Medium Equilibrium Constant (Kc) Practice Questions

Concept Explanation

The equilibrium constant (Kc) is a numerical value that expresses the ratio of product concentrations to reactant concentrations at chemical equilibrium, with each concentration raised to the power of its stoichiometric coefficient. This constant is specific to a particular temperature and provides a quantitative measure of the extent of a reaction. When a system reaches chemical equilibrium, the rates of the forward and reverse reactions are equal, and the concentrations of the species involved remain constant over time.
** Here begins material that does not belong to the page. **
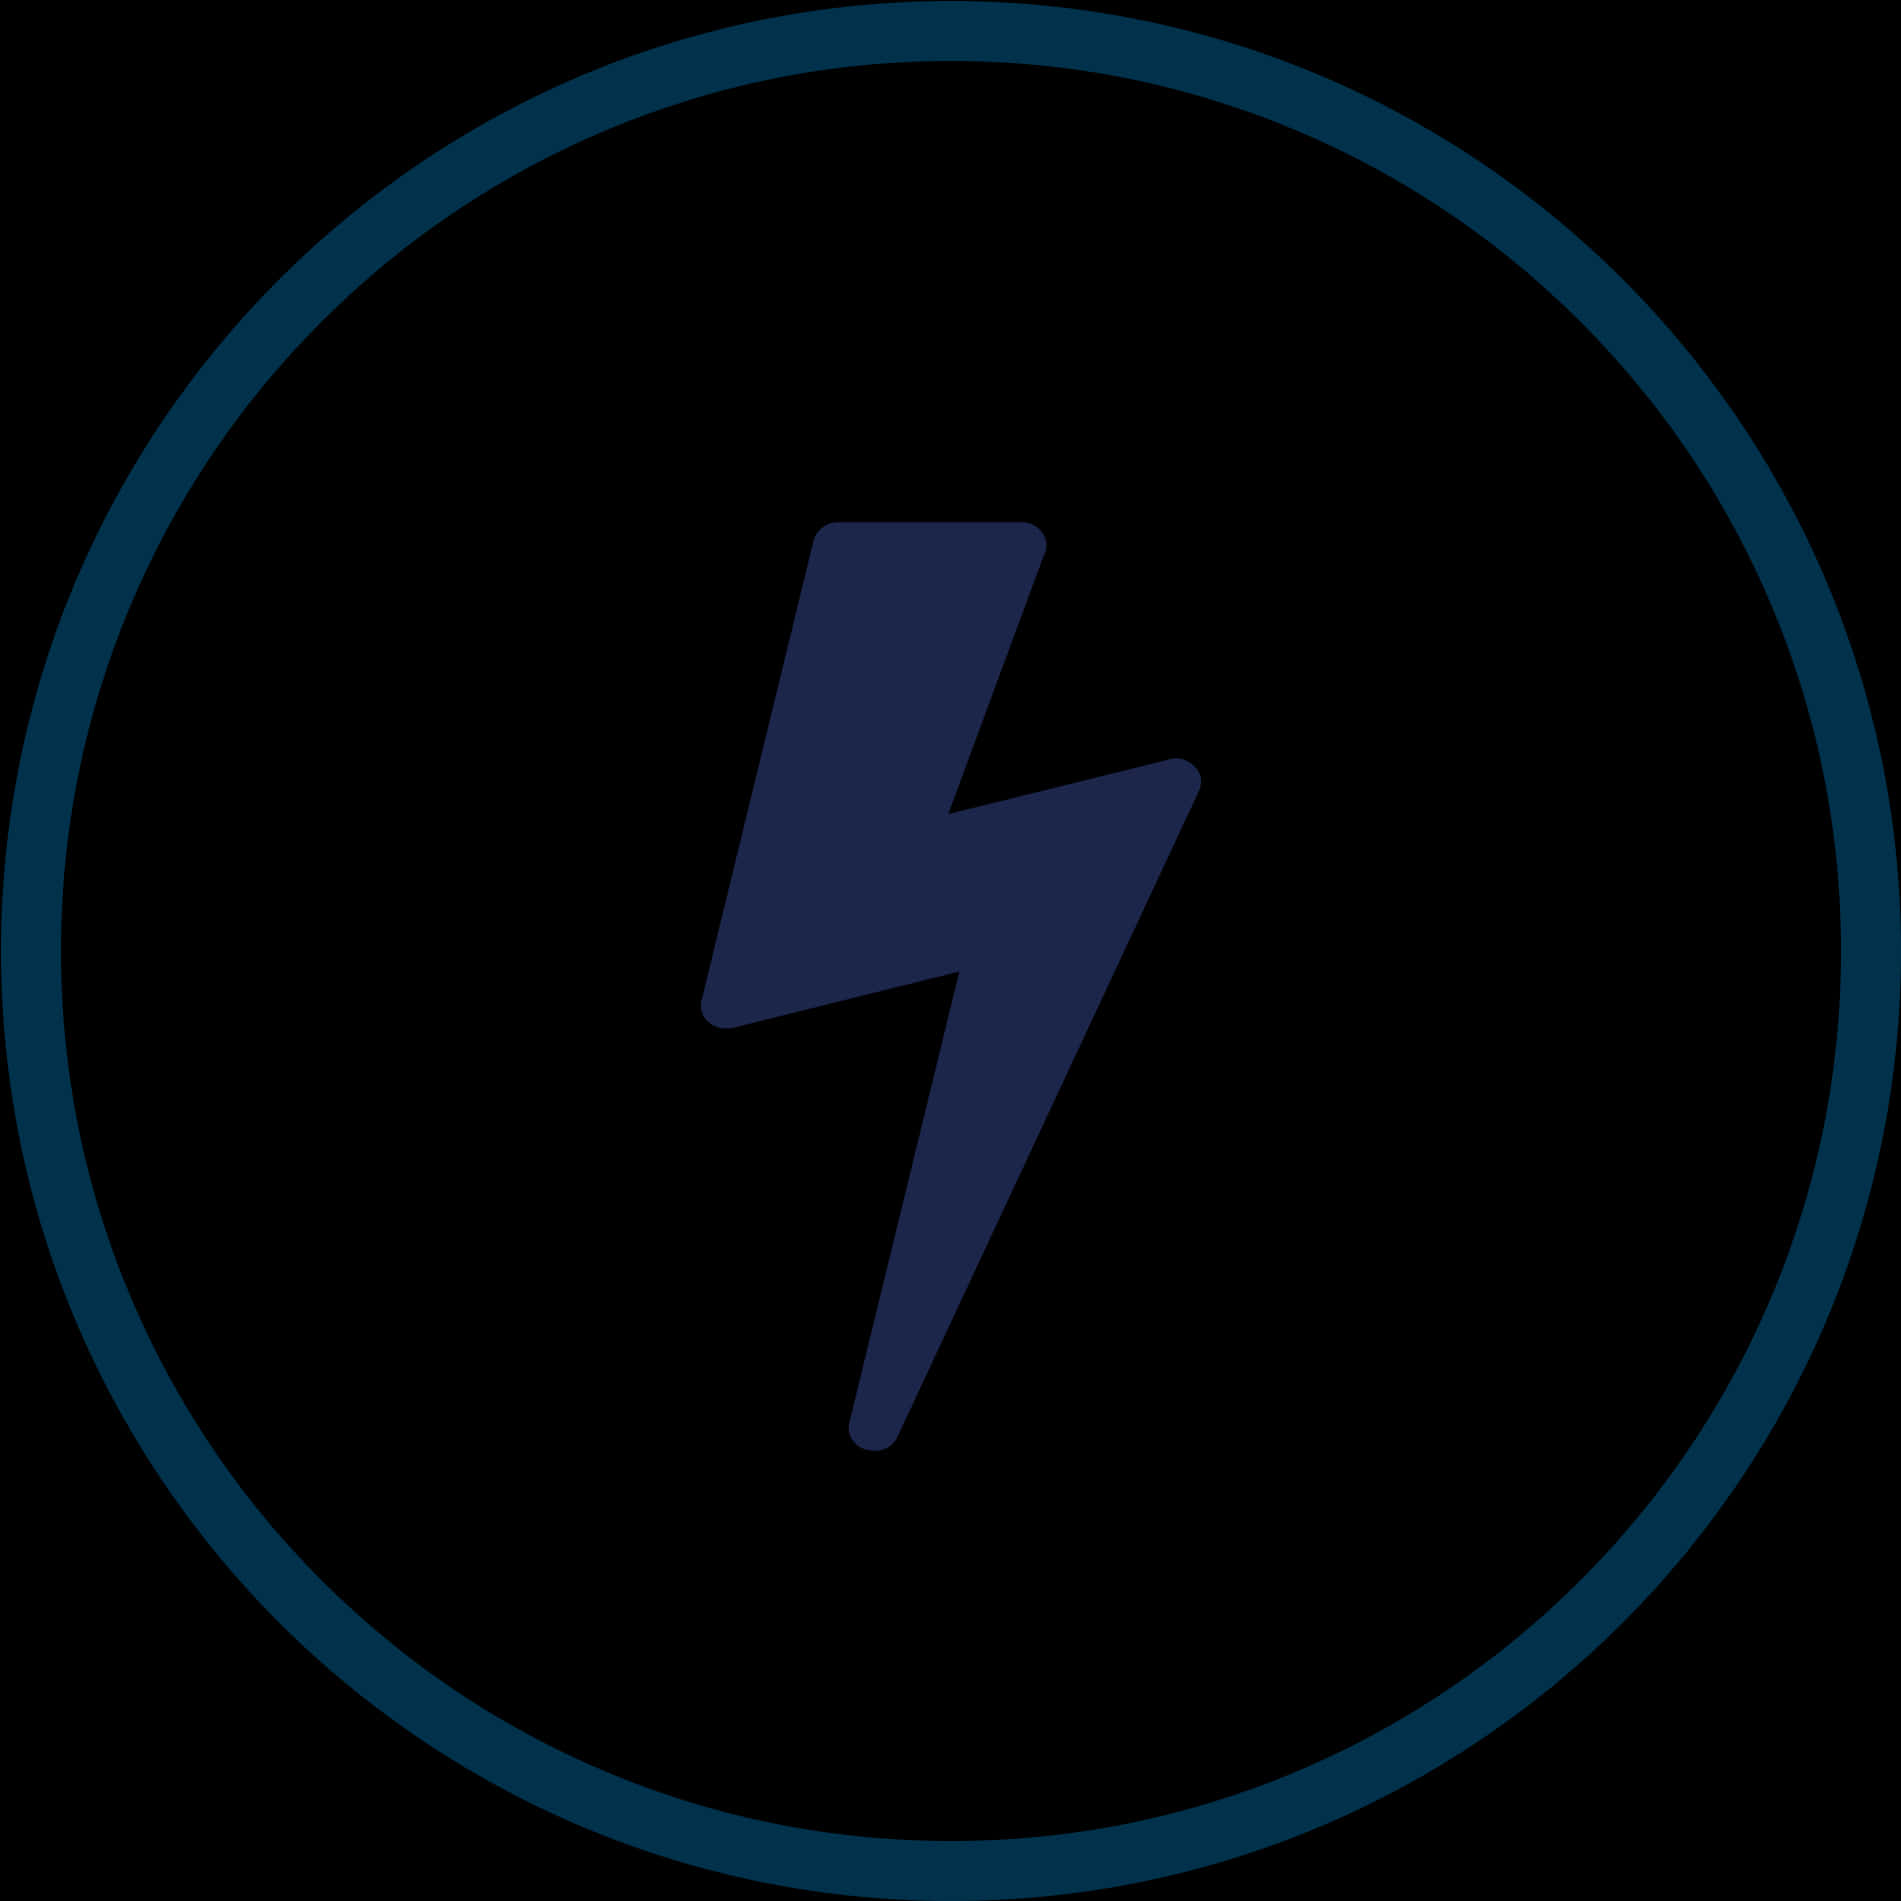 A Blue Lightning Bolt In A Circle

To calculate Kc for a general reaction \( aA + bB \rightleftharpoons cC + dD \), we use the following expression:

Kc = [C]c [D]d / [A]a [B]b

In this expression, square brackets represent molar concentrations (mol/L). It is vital to remember that only gaseous and aqueous species are included in the Kc expression; pure solids and liquids are omitted because their concentrations remain constant. Understanding Kc is essential for predicting the direction of a reaction and is closely related to other thermodynamic concepts like enthalpy change and Gibbs free energy. If Kc is much greater than 1, the equilibrium favors the products; if Kc is much less than 1, the equilibrium favors the reactants.
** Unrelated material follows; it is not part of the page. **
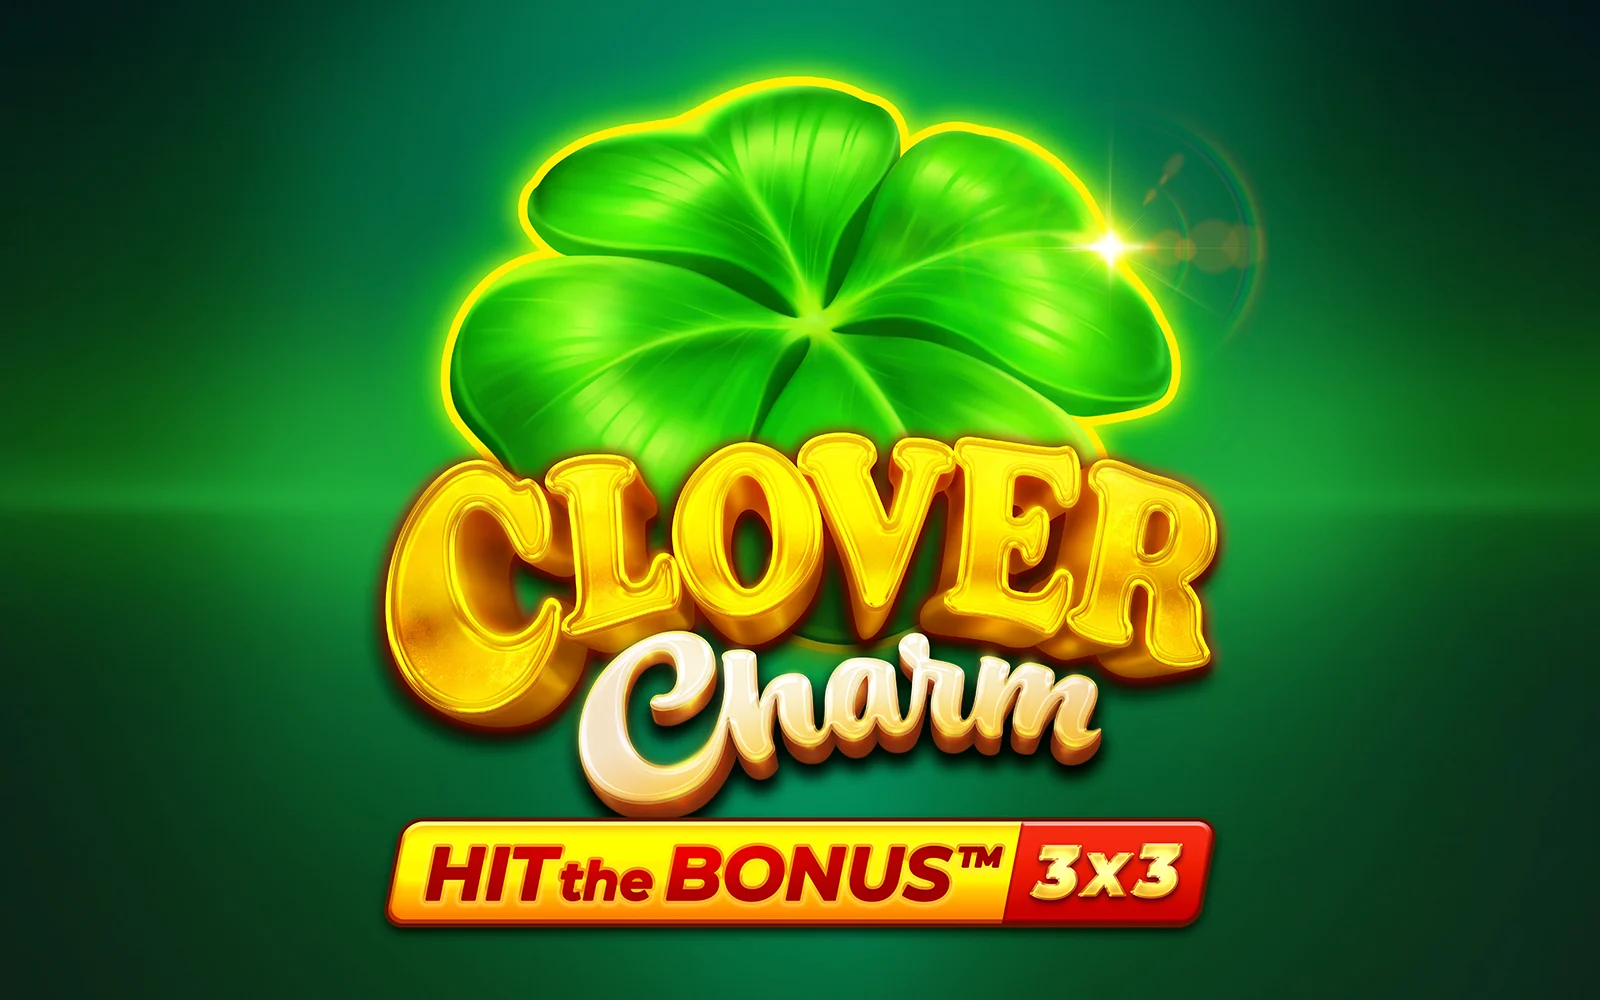 Play Clover Charm: Hit the Bonus ™ on Starcasino.be online casino

Many students find it helpful to use an \"ICE\" table (Initial, Change, Equilibrium) to track concentration changes during a reaction. This method is particularly useful when you are given initial concentrations and only one equilibrium value or the Kc value itself. If you are also studying acid-base chemistry, you might notice similarities between Kc and Ka and Kb calculations, which are specific types of equilibrium constants for weak acids and bases.

Solved Examples

Review these step-by-step solutions to master the application of the Kc formula in various scenarios.
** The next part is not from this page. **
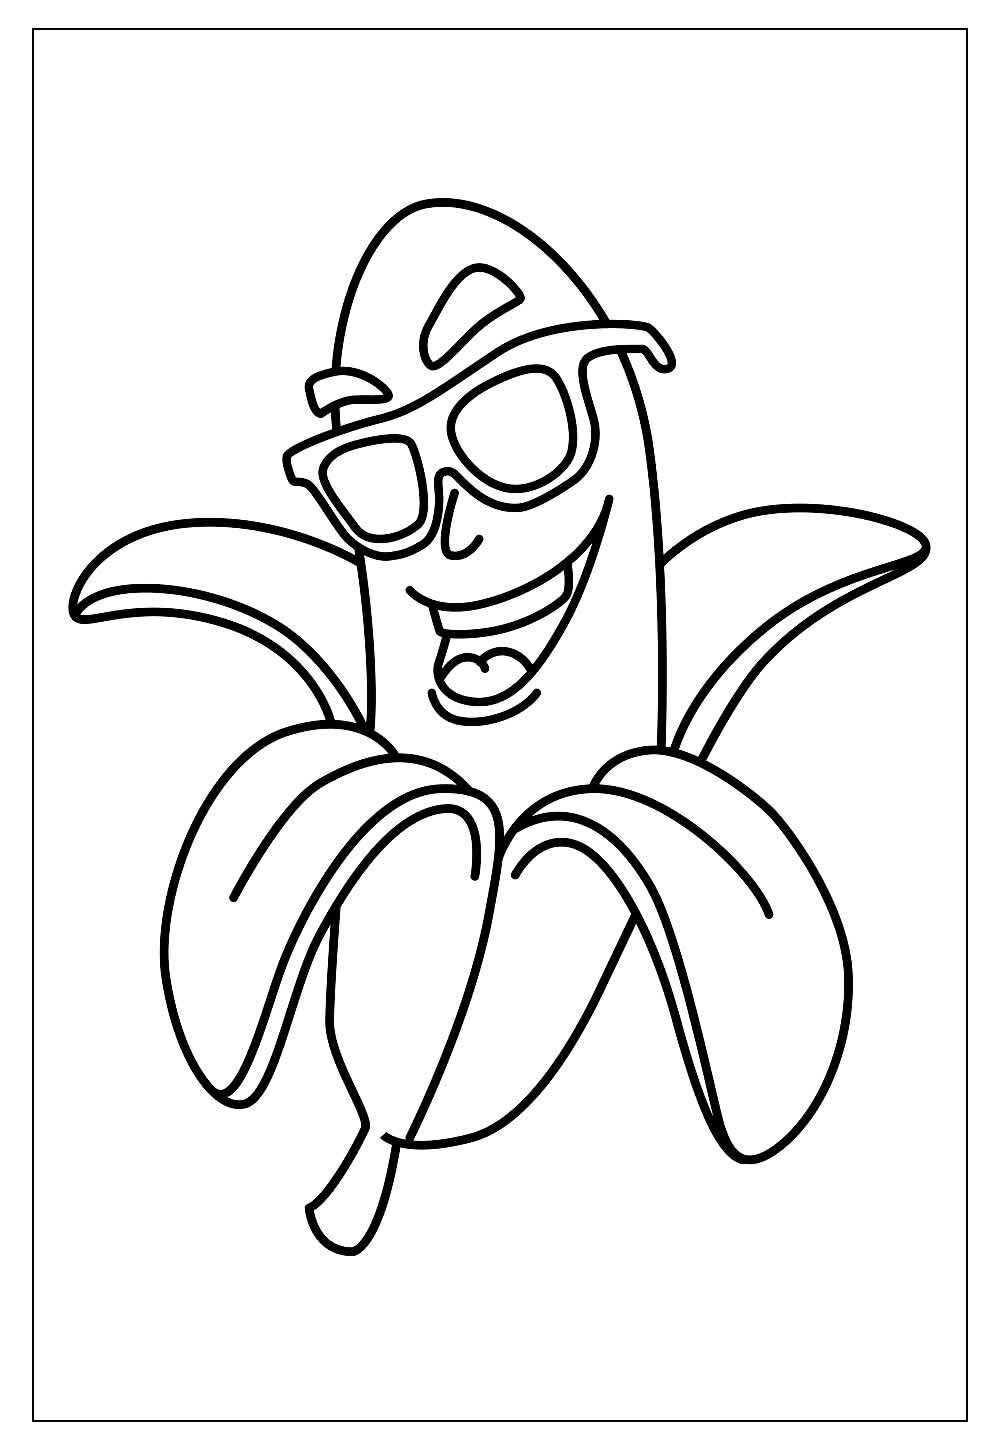 Banana para Colorir: +60 Desenhos Fofos para Imprimir!

1. Example 1: Calculating Kc from Equilibrium Concentrations
   Consider the reaction: \( N_2(g) + 3H_2(g) \rightleftharpoons 2NH_3(g) \). At equilibrium in a 1.0 L flask, there are 0.25 mol of \( N_2 \), 0.15 mol of \( H_2 \), and 0.50 mol of \( NH_3 \). Calculate Kc.

   1. Identify the concentrations: Since the volume is 1.0 L, molarity equals moles. [N₂] = 0.25 M, [H₂] = 0.15 M, [NH₃] = 0.50 M.

   2. Write the Kc expression: Kc = [NH₃]² / ([N₂][H₂]³).

   3. Substitute the values: Kc = (0.50)² / (0.25 × (0.15)³).

   4. Calculate the result: Kc = 0.25 / (0.25 × 0.003375) = 1 / 0.003375 ≈ 296.3.

2. Example 2: Using an ICE Table
   For the reaction \( H_2(g) + I_2(g) \rightleftharpoons 2HI(g) \), the initial concentrations of \( H_2 \) and \( I_2 \) are both 1.00 M. At equilibrium, the concentration of \( HI \) is 1.50 M. Find Kc.

   1. Set up the ICE table. Initial: [H₂]=1.00, [I₂]=1.00, [HI]=0.

   2. Determine the Change: Since [HI] went from 0 to 1.50, the change (+2x) is 1.50. Therefore, x = 0.75.

   3. Calculate Equilibrium concentrations: [H₂] = 1.00 - 0.75 = 0.25 M; [I₂] = 1.00 - 0.75 = 0.25 M.

   4. Write Kc expression and solve: Kc = [HI]² / ([H₂][I₂]) = (1.50)² / (0.25 × 0.25) = 2.25 / 0.0625 = 36.

3. Example 3: Dealing with Different Volumes
   In a 2.0 L container, 4.0 moles of \( PCl_5 \) decompose into \( PCl_3 \) and \( Cl_2 \). At equilibrium, 0.8 moles of \( Cl_2 \) are present. Calculate Kc for \( PCl_5(g) \rightleftharpoons PCl_3(g) + Cl_2(g) \).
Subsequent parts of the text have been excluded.